Full-body scanners bought last month by airport authorities and installed at the Ninoy Aquino International Airport (Naia) have remained unmanned and unused.
The 14 full-body scanners, more specifically the German-made EQO model portals worth P150 million, were installed in August at the final security screening checkpoints of the four Naia terminals.
But the EQO model portals remain idle up to now since Office for Transportation Security (OTS) personnel have yet to undergo training on their proper use. Only members of the OTS, an attached agency of the Department of Transportation and Communications (DOTC), are authorized to handle security screening equipment at the country’s ports, including the Naia.
A source from the Manila International Airport Authority (MIAA) said the local distributor of the EQO model portals, Defense and Protection System Philippines Inc. (DPSPI), organized last week a training session for DOTC-OTS personnel, members of the Airport Police Department and other technical staff.
However, the source said none of the DOTC-OTS personnel attended the training, prompting MIAA to push for a seminar organized solely for its employees. The DPSPI agreed and scheduled a seminar this week.
The apparent reluctance to handle the 14 full-body scanners procured by the MIAA, the source pointed out, could have something to do with the fact that the DOTC-OTS procured eight full-body scanners in February from Singapore which were delivered in the last week of July. These were supposed to be installed at the Naia.
No detection in 1st tests
Asked why they have not been used at the Naia, the source said: “Because when they (eight full-body scanners bought by DOTC-OTS) were initially tested, they could not detect anything,” adding that the equipment seemed to be of poor quality.

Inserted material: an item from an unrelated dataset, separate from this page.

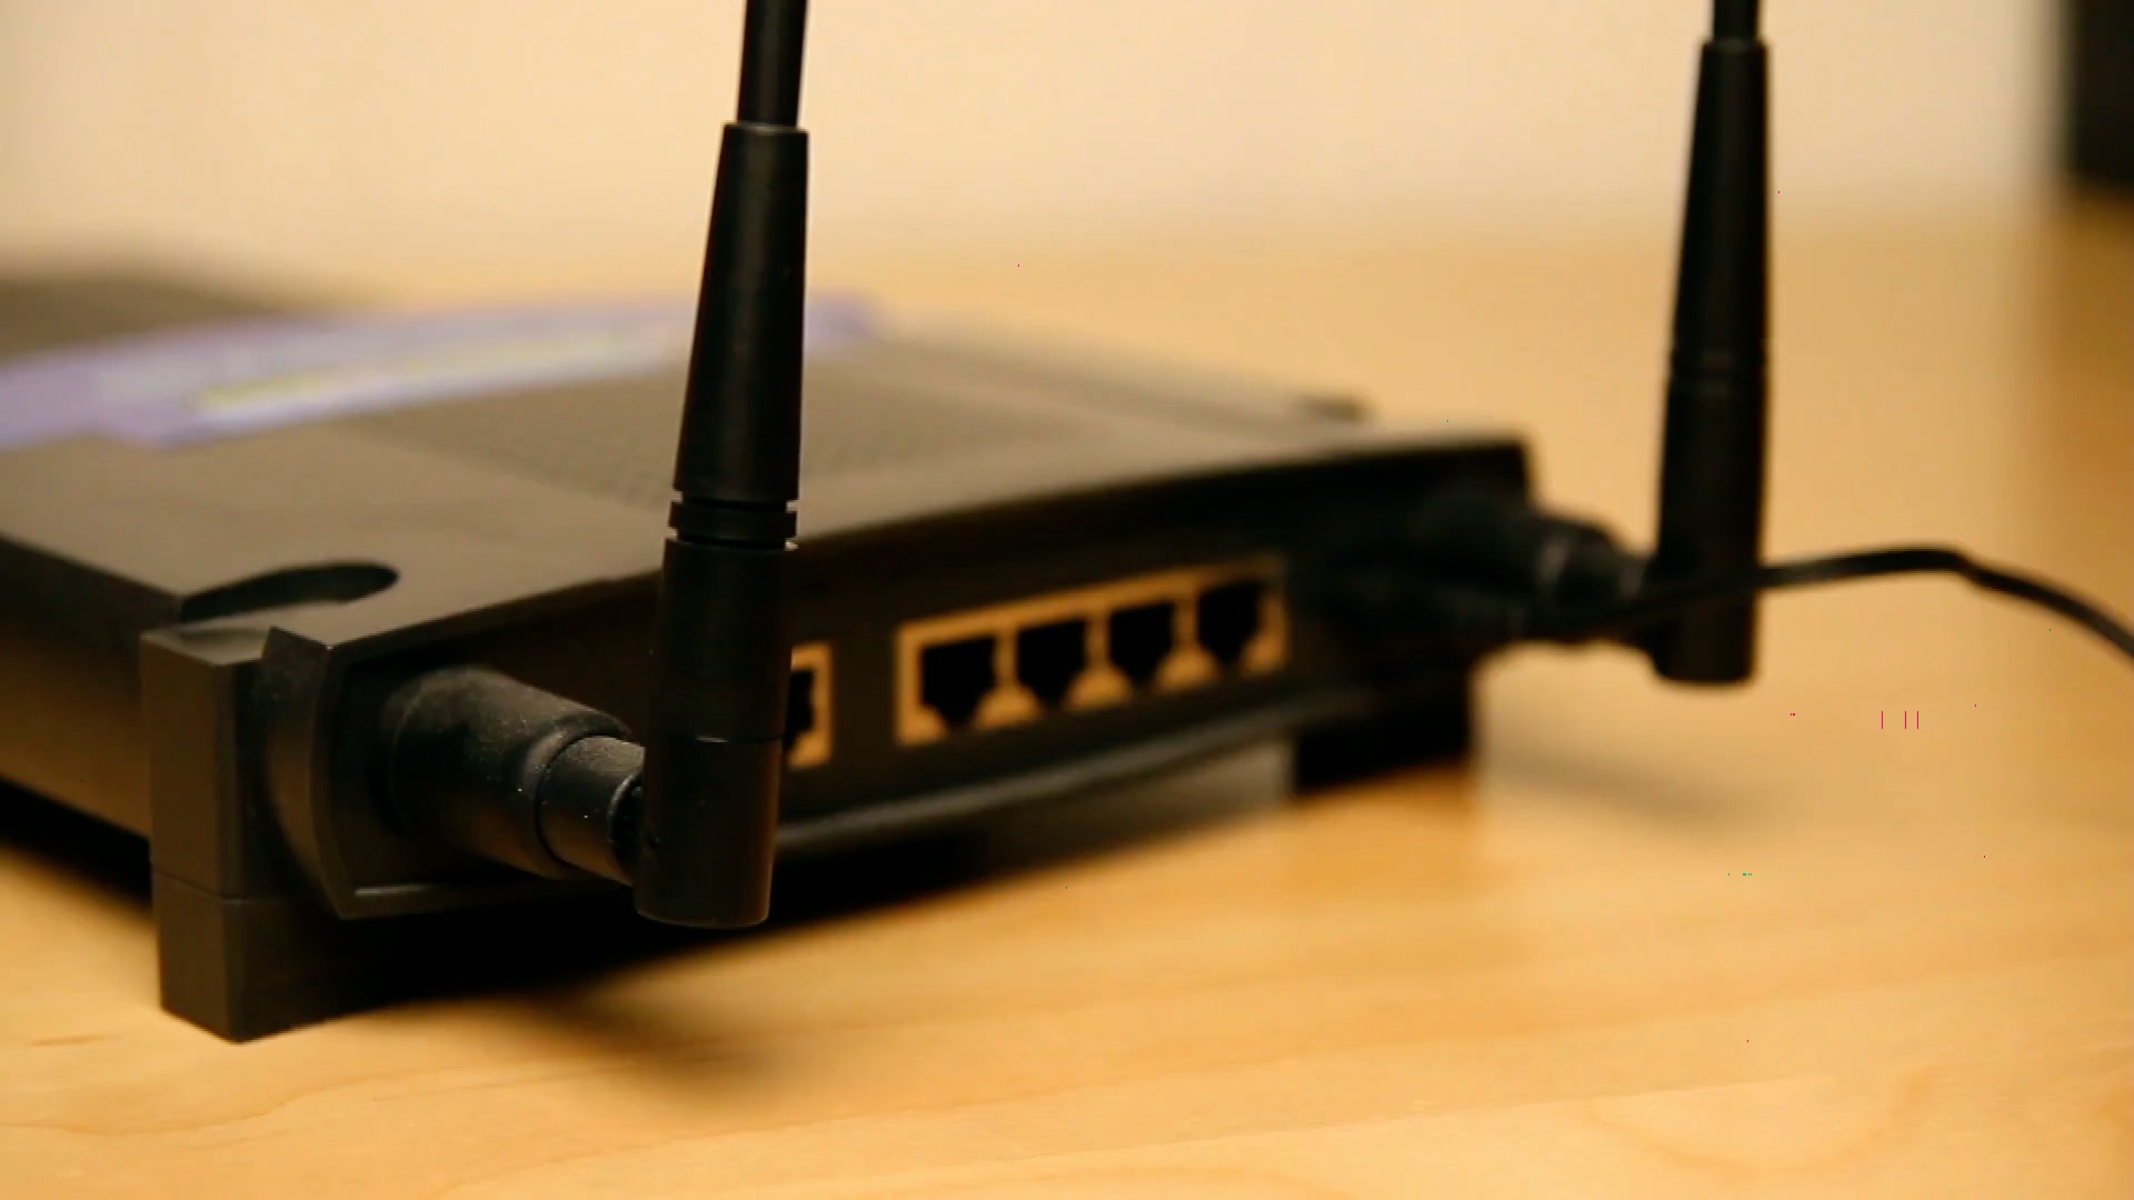 What Two Default Wireless Router Settings Can Affect Network Security

He explained that for that reason, the DOTC-OTS could not roll out at the Naia their scanning equipment for which it paid P50 million.
“The equipment arrived a week or two ahead of those procured by the MIAA so you can already see why they hesitated to set their scanners up at the Naia. It’s so their scanners won’t be compared with that of Miaa’s,” he said.
DOTC-OTS spokesman Jonathan Maliwat told the Inquirer that the eight passive millimeter wave scanners they procured were distributed to the Clark International Airport; Laoag International Airport; Kalibo International Airport; and Iloilo International Airport.
Two of the scanners, he said, had to be realigned to the Cebu International Airport.
Asked why these were not set up at the Naia as initially planned, Maliwat said the scanners were portable so they were easy to move from one airport to another depending on the necessity.
No more frisking
During the procurement process for the eight scanners worth P6 million each, the DOTC-OTS announced that the equipment would be installed at the Naia Terminals 1, 2 and 3 as well as at the Mactan-Cebu and Davao International Airports to do away with the frisking of passengers.
In a statement issued in February, the DOTC-OTS said its procured equipment could detect objects under people’s clothes without invading their privacy.
Similarly, the MIAA-procured EQO model portals manufactured by German company Smiths Detection, bounce harmless millimeter waves (low frequency radiation) off passengers’ bodies and analyze the reflected data using a generic outline graphic to highlight detected items, both metallic and nonmetallic.
The EQO model portals have been set up at the final security screening checkpoints of the four Naia terminals: three in Terminal 1; five in Terminal 2; five in Terminal 3; and one in Terminal 4.